Defining Our Future

 

Jo Ann Rooney, JD, LLM, EdD, President of Loyola University Chicago, welcomed faculty to the 2020 Faculty Convocation in pre-recoded remarks Oct. 2, 2020.

Welcome to the faculty convocation. Even though this tradition, where we honor faculty and start a new fall semester, is familiar, our gathering this year in a virtual environment is anything but traditional. In keeping with that spirit, rather than providing a longer address, I am going to set the stage and then turn the program over to our provost, Norberto. His first seven months with us have been anything but traditional, and now as he begins his first full academic year, it is so important for him to be able to share his thoughts and academic vision with the entire university faculty. As we emerge from this current pandemic, focusing on how best to thrive not merely survive, sharing this academic vision for the future is particularly relevant, timely and necessary.

 Let me begin by thanking you once again for everything you did throughout this past spring and for your work over the summer preparing for this fall and making the academic experience for our students, exceptional. This pandemic is calling on all of us to reimagine nearly everything. We need to think differently, work differently, and, for us at Loyola Chicago, clearly define our place as an academic and research leader post-pandemic. What you have done during the last six plus months to transform our university has been nothing short of astounding. It highlights our ability to adapt and not be held back by thinking that there is only one way to accomplish our goal. While we may have wished for a return to campus, in person, this fall, and none of us joined the university to be sitting, isolated, behind a computer screen or a plexiglass partition socially distanced from everyone, offering classes remotely and keeping our residence halls closed, at least through the fall semester, was the right decision for us – prioritizing the safety, health and security of our community.
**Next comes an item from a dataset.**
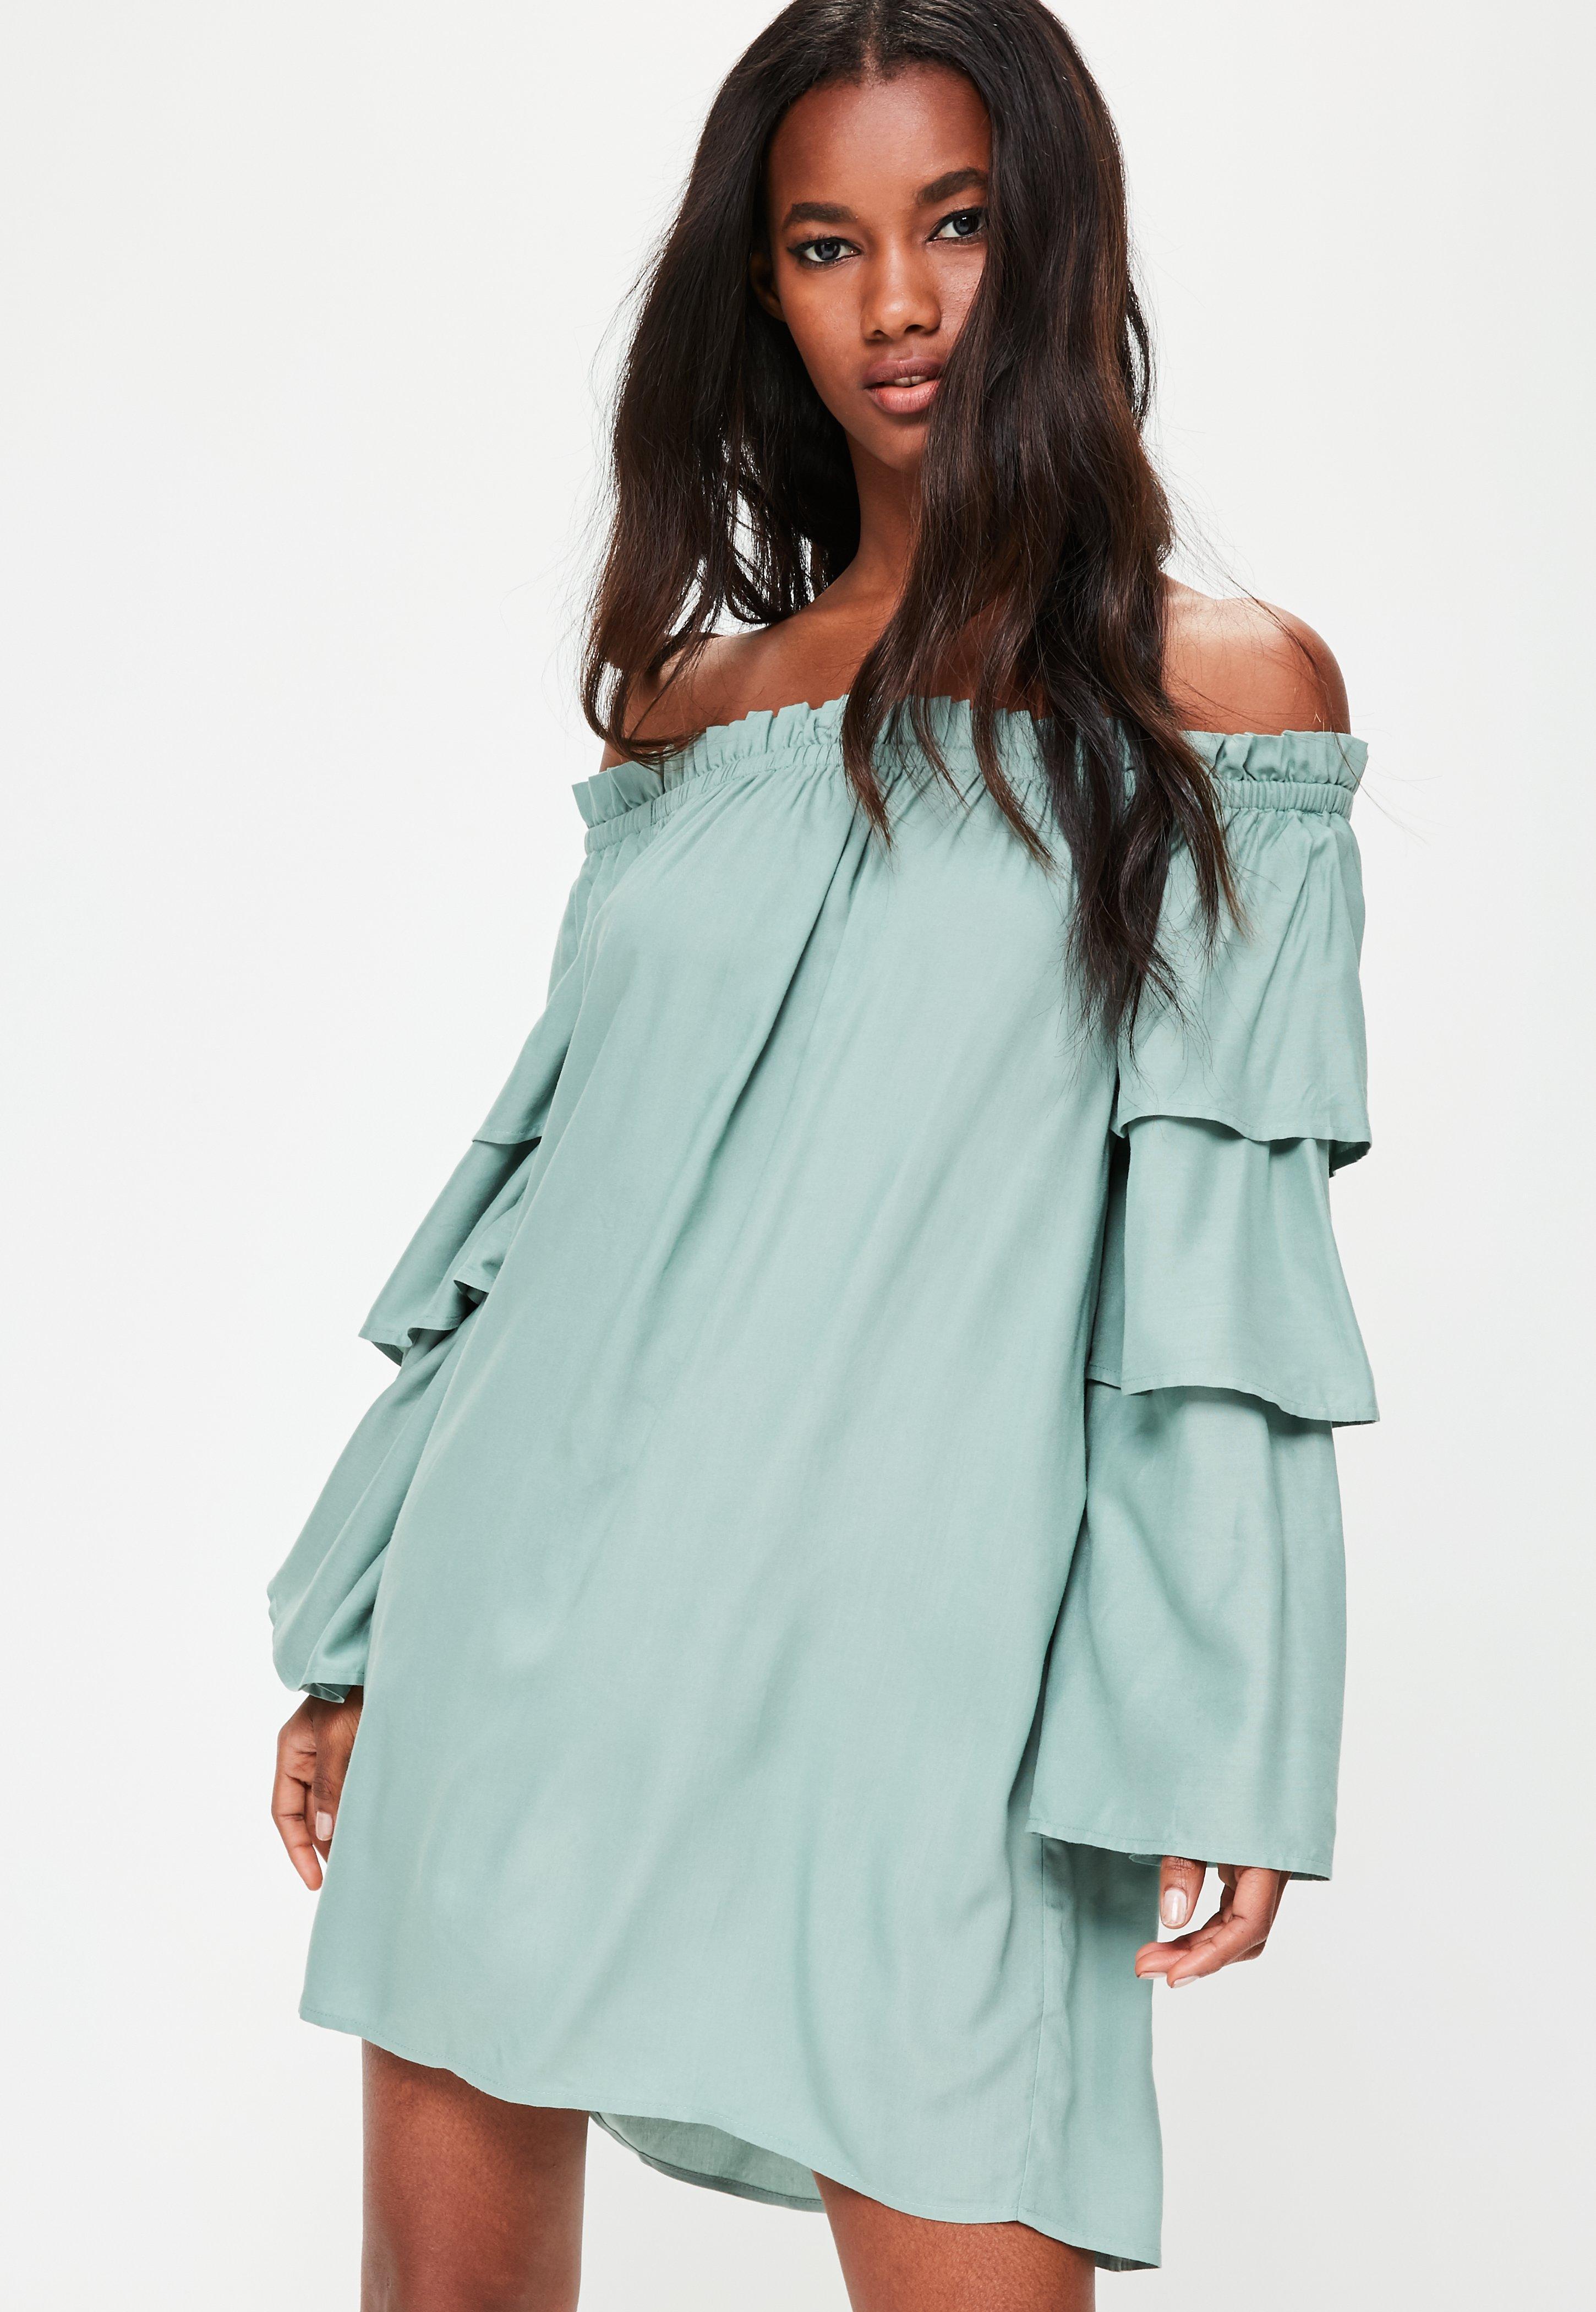 7817fbc65008 Lyst - Missguided Green Layered Sleeve Bardot Shift Dress in Green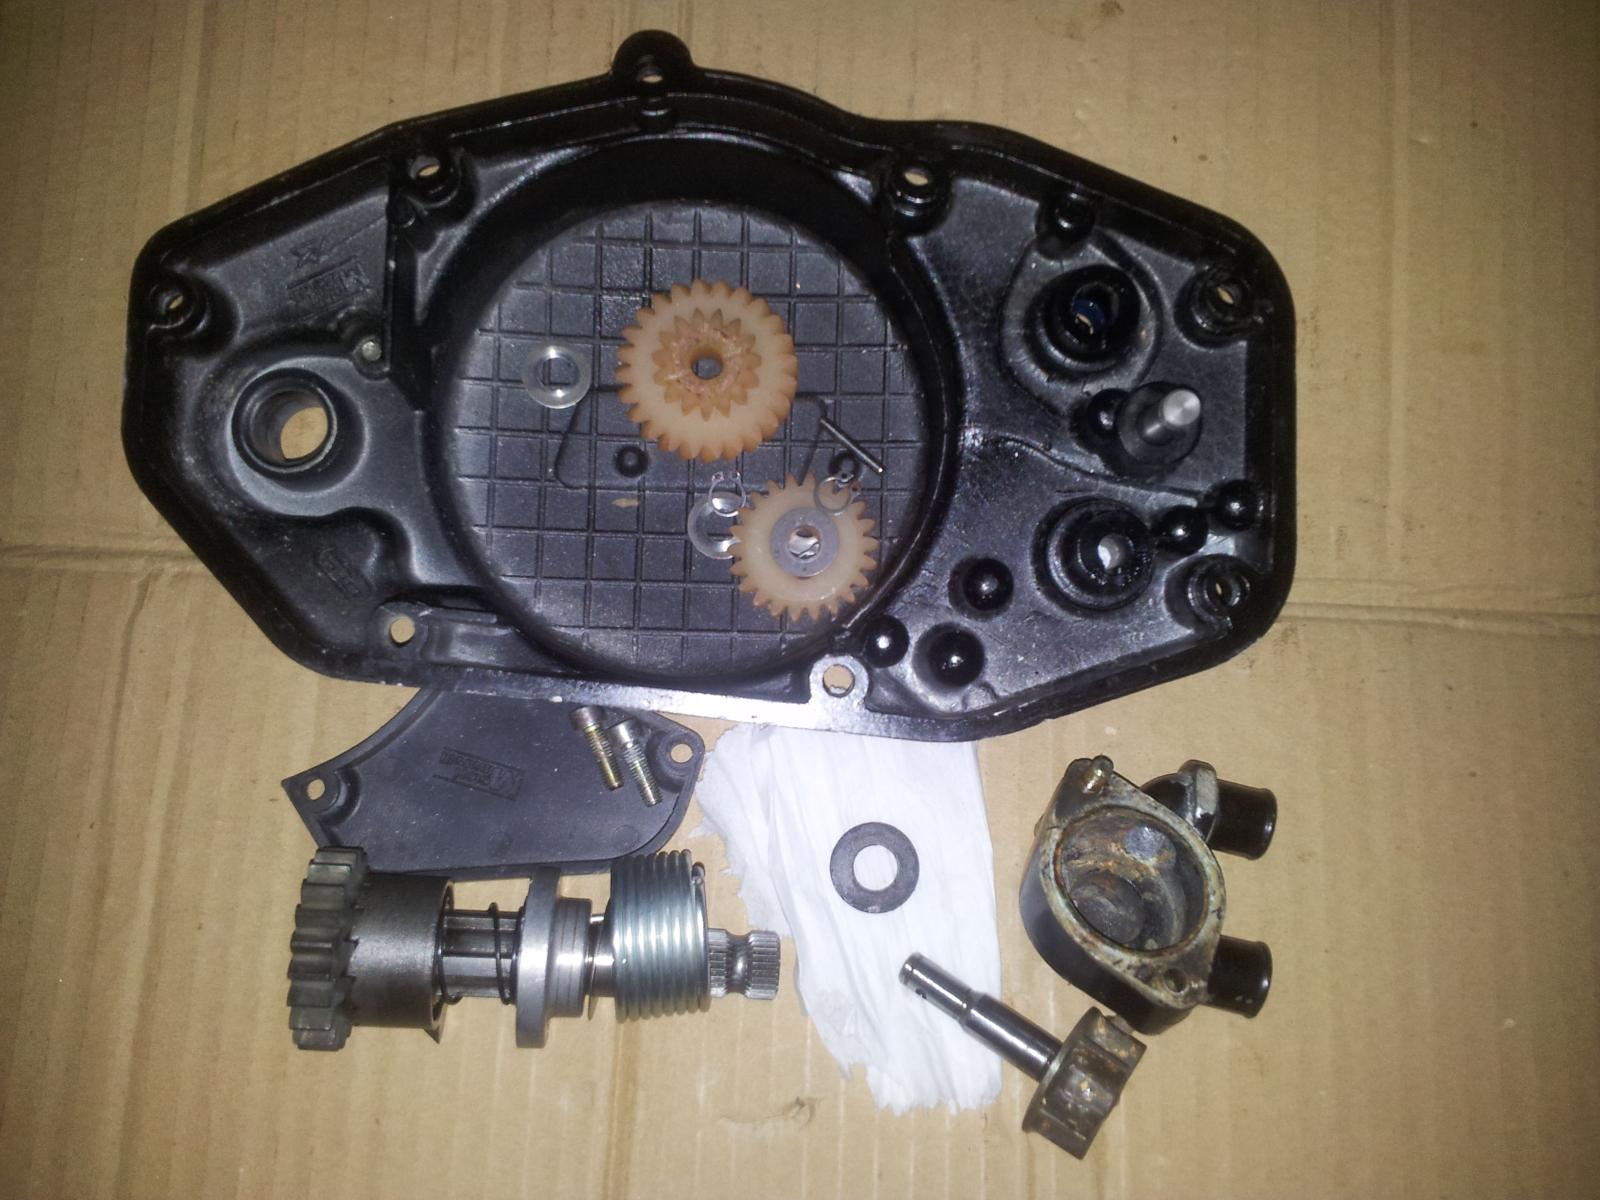 encendido - Mejoras en motores P3 P4 RV4 DL P6 K6... - Página 5 15znp06

As we consider our options for the spring semester, we will continue to share information with you and continue to solicit your input and feedback as we have done throughout the spring and summer.

 The greatest challenges and opportunities facing us are not centered on making adjustments for this year and continuing to make very difficult decisions. Resilience has been part of Loyola Chicago’s ethos since the beginning and, working together, we will get survive this pandemic and the accompanying economic crisis. The greatest challenges and opportunities before us begin by acknowledging the upcoming disruption to higher education that is not something theoretical in the future but is facing us now. Defining our future, unlike the health crisis, is within our control. However, we must be willing to challenge ourselves to disrupt the known and familiar, setting aside our temptation to think in terms of “we have always done it this way”, embrace ambiguity, take calculated risks and step outside of our comfort zones.

 How are we willing to truly transform ourselves to accept the post pandemic reality?  How are we going to break down long established boundaries and barriers to define what it means to tackle the greatest social needs using an interdisciplinary approach to address systemic racism, discrimination, economic and health care disparities, criminal justice reform and other vexing issues? How will both our graduate and undergraduate academic programming be impacted to reach more students desiring an education that prepares for the future, to expand our research activities aimed at creating new knowledge and solutions, to focus our community engagement where we embrace working at the margins?

 This academic year is not one where we can sit by in a holding pattern until this all goes away and we go back to normal. The reality of the next normal is that it will not look like the past, As we complete our next strategic plan this year, building on Plan 2020, we owe it to our Jesuit mission, to focus on the future needs of others and our society and adapt accordingly. Supporting both cura personalis and cura apostolica, all of us must consciously commit to the disciplines of personal and communal examens and discernments to connect our faith that does justice with the call to action where it is most needed. Only then will we be able to set aside individual interests and find the strength to risk embracing the big ideas for the greater good. In years to come, it will not be our responses during the pandemic that we will be remembered by or that will have a lasting impact on our future, it is how we work now to define our forward course post-pandemic that will change our trajectory. I look forward to working with you.

 Thank you again for all you do for our students, our university and our community.